Research
Our research aims to understand the link between a material's microstructure (i.e., all features and mechanisms at small scales) and its effective properties (i.e., its behavior and performance at macroscopic engineering scales). This includes both conventional materials such as metals, ceramics, polymers and composites as well as novel metamaterials and architected materials with an as-designed architecture across various scales. Common goal is to provide the understanding and computational tools required to improve, to optimize, and to design material properties according to engineering demand. For conventional materials (like magnesium alloys or ferroelectric ceramics), this is achieved by optimizing the processing route and material utilization. For metamaterials (such as truss lattices and spinodal structures), properties result from structural architecture on smaller scales to be optimized.
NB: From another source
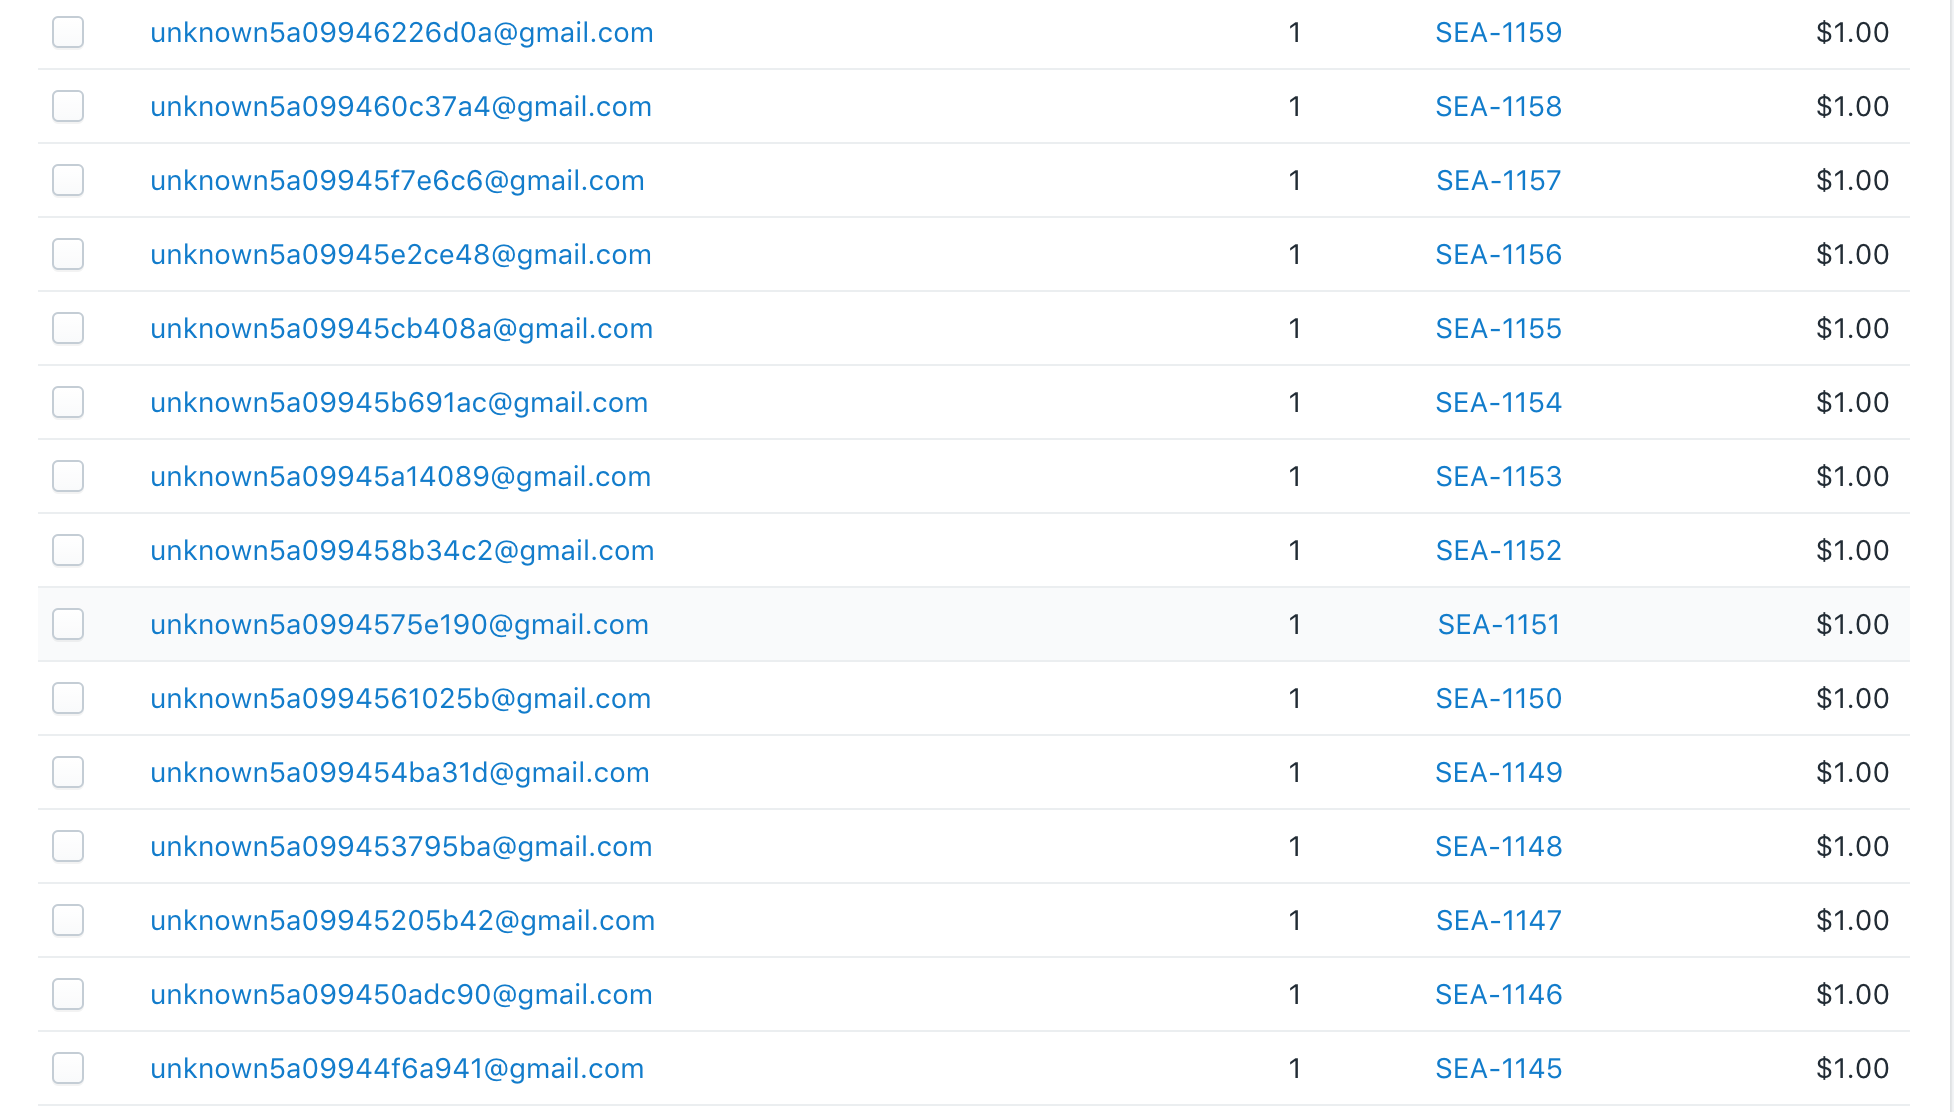 Why "unknown" email addresses are created after migration to Shopify?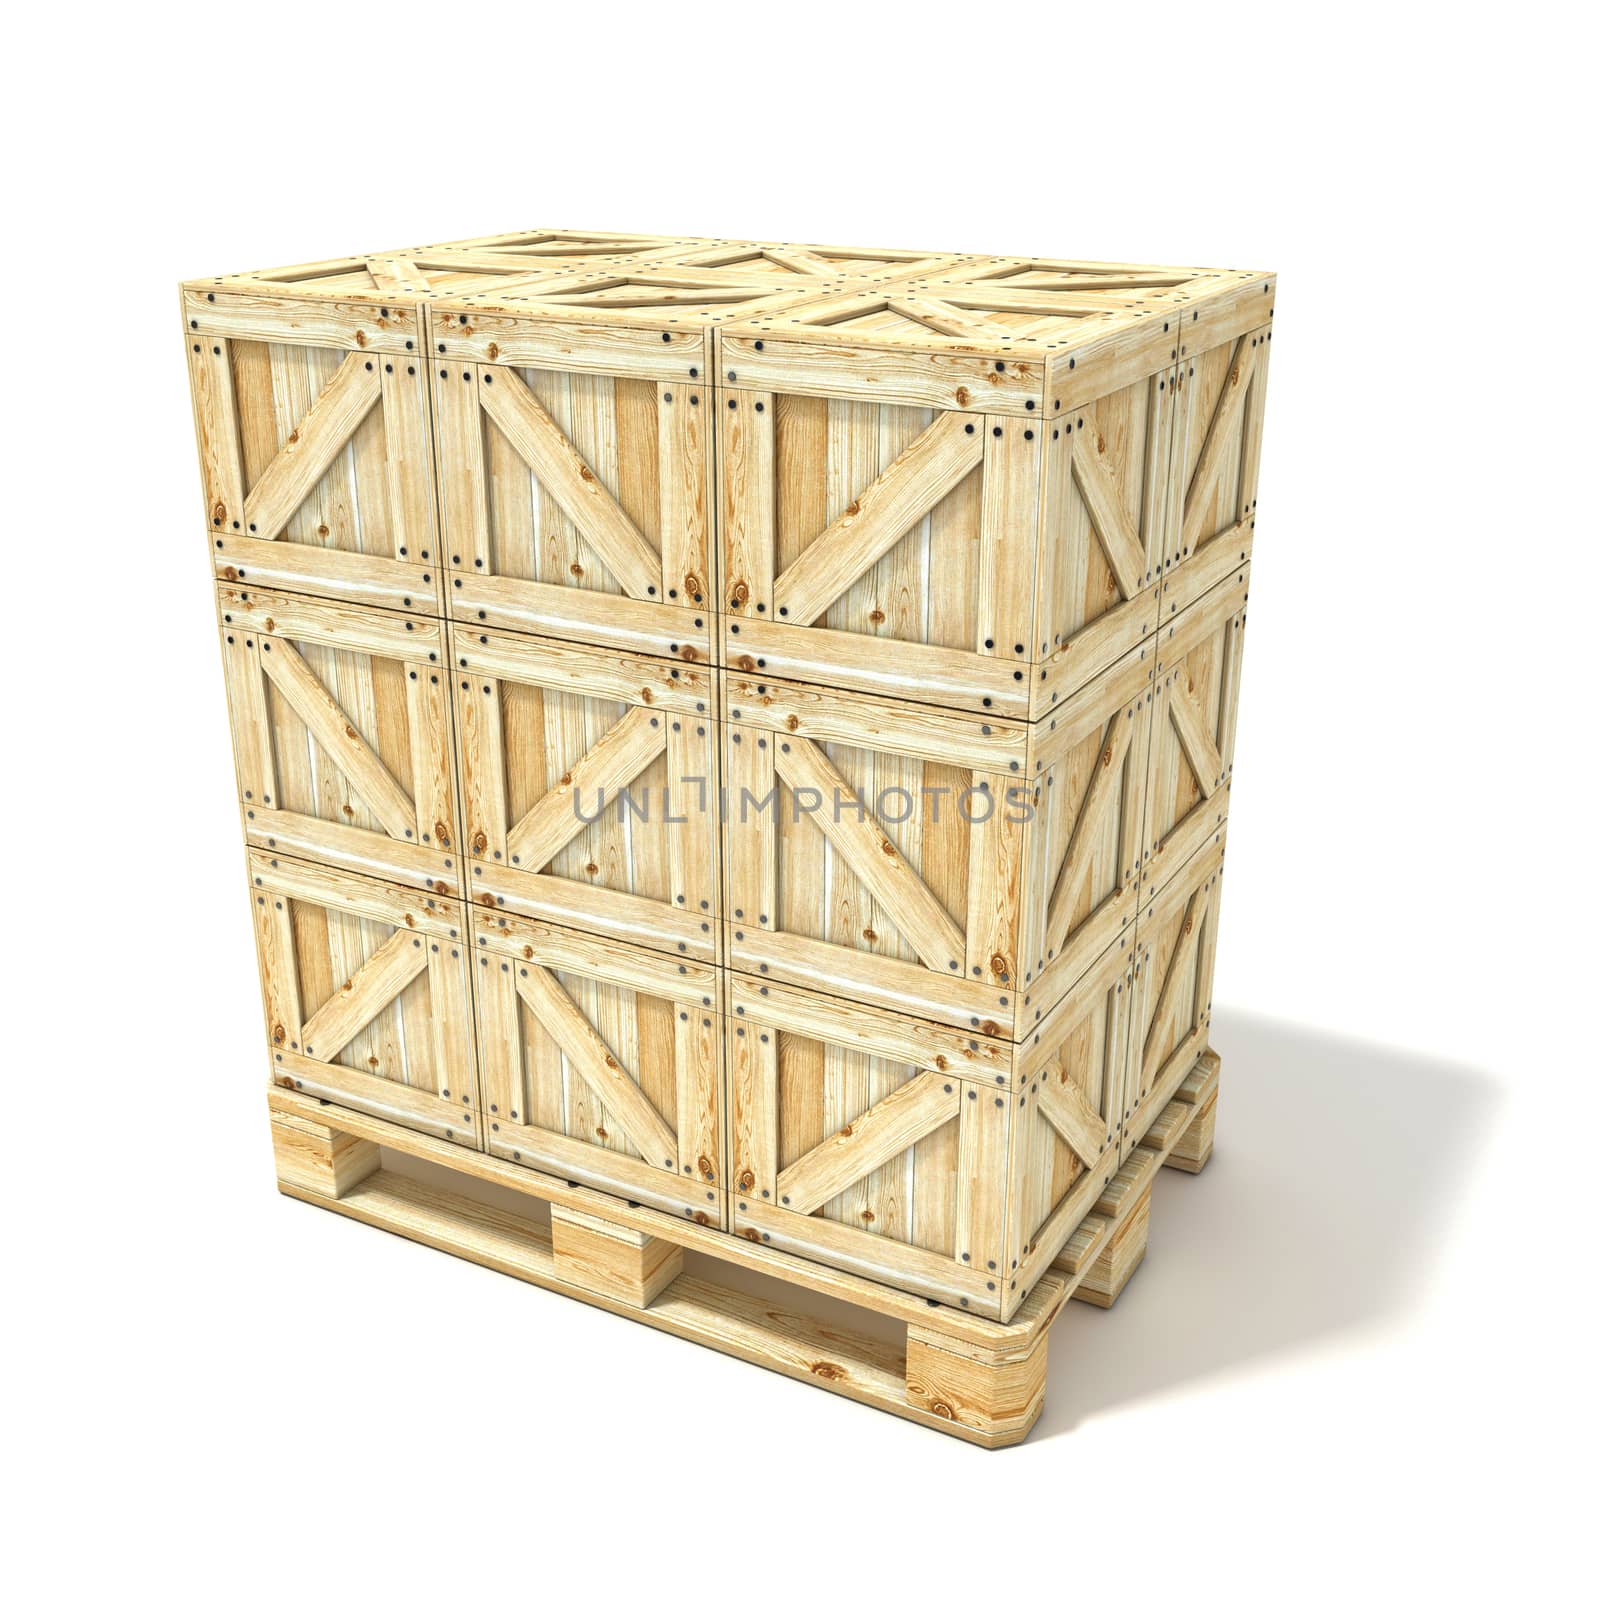 Wooden boxes on euro pallet. 3D by djmilic

Our research lives at the intersection of mechanics, materials science, and physics (and related areas) and relies on theory, simulations, and experiments. In order to bridge across length and time scales, we employ theories of homogenization and coarse-graining as well as constitutive modeling for an advance theoretical description of material behavior. To simulate, predict, and optimize material behavior, we develop our own computational codes (e.g., for finite element analysis, phase field modeling, discrete numerical analisys of structural networks, atomistic and coarse-grained atomistic simulations) and apply those to problems of engineering interest. The integration of code development with applications and performance analysis results in powerful computational toolsets for the exploration of the available material property space. In many scenarios like coarse-grained atomistics, we need to combine techniques and theories in an interdisciplinary fashion and break new grounds towards a multiscale description that starts on the atomic scale and ascends all the way to typical engineering scales visible to the naked eye. Experiments are an important complement to theory and simulations and allow us to calibrate and validate our models and to improve our understanding of the underlying physics and mechanics.